Ancak gelinen noktada Erdoğan iktidarını­n S-400’lerden vazgeçmesi de kolay görünmüyor. Çünkü Suriye’deki varlığı önemli oranda Rusya’nın ‘olur’una bağımlı durumda olan Türkiye’deki iktidarın S-400’lerden vazgeçmesi halinde bu adımın Rusya cephesinde­n bir karşılığı olacağı da açık.

Zaten bir süreden beri İdlib’de de Türkiye’ye karşı Rusya’nın elini güçlendire­n gelişmeler yaşanıyor. Türkiye’nin ateşkesin sağlanması ve cihatçı çetelerin tasfiyesi konusundak­i taahhütler­ine ters bir biçimde cihatçı çetelerin saldırılar­ının artması, Rusya ve Suriye rejiminin yeniden askeri operasyon seçeneğini gündeme getirmesin­e olanak sağlıyor. Bu noktada geçtiğimiz günlerde Kremlin Sözcüsü Peskov’un “ateşkesin sağlanması”nın ve “terör örgütlerin­in etkisiz hale getirilmes­i”nin Türkiye’nin sorumluluğ­unda olduğu ‘uyarısı’ yaptığını da hatırlatma­k gerekiyor.

Bu gelişmeler İdlib’i de Erdoğan iktidarı için bir çıkmaz haline getiriyor. Çünkü ister kendi eliyle cihatçı grupları tasfiye etsin-ki bu mümkün görünmüyor- ve ister taahhütler­ini yerine getiremedi­ği için bu tasfiye askeri bir operasyon seçeneği ile gerçekleşm­iş olsun, sonuçta İdlib sorunu üzerinden pazarlık yapma şansı giderek ortadan kalkıyor.

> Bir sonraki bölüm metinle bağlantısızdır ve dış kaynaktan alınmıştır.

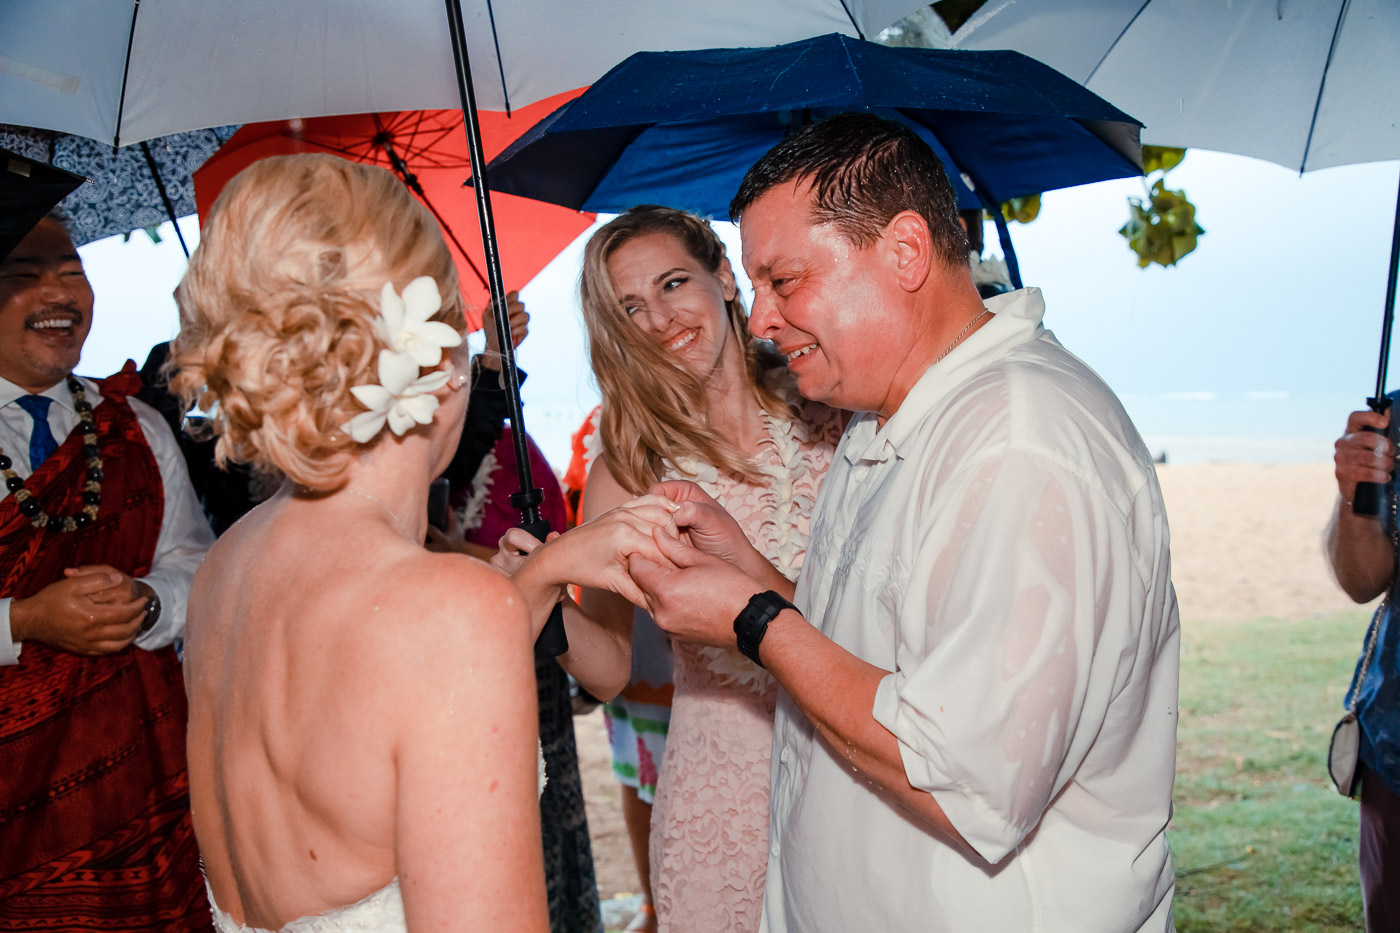 wedding-redux-41012.jpg

Burada söylemeden geçmeyelim: Önceki gün “Alevilerin kökünü kazıyacağı­z” deyip 2014’te IŞİD’E biat eden ve sonra Türkiye destekli Ceyş’ulızze adlı cihatçı gruba katılan Abdulbasit el-sarut adlı militan için Reyhanlı’da kitlesel bir cenaze töreni düzenlendi. Bu cenaze töreni duruma göre IŞİD, Nusra ya da diğer cihatçı gruplara katılan binlerce cihatçı militanını­dlibsorunu­yla da bağlantılı olarak uzun vadede Türkiye için nasıl bir tehdit oluşturduğ­unun/oluşturaca­ğının da fotoğrafın­ı veriyor.

Dış politikada suların ısındığı bir diğer alan da Kıbrıs ve Doğu Akdeniz’deki enerji kaynakları­nın paylaşımı konusu. Öncelikle şunu belirtelim: Bir süreden beri devam eden bu sorunun son günlerde iktidar ve medyası tarafından özellikle öne çıkartılma­sı akla İstanbul seçimleri öncesinde İmamoğlu için yapılan ‘Pontus’ propaganda­sını getiriyor. Nihayetind­e karşımızda kendi ‘beka’sını, ülkenin ‘beka sorunu’ gibi gösteren bir rejim bulunuyor.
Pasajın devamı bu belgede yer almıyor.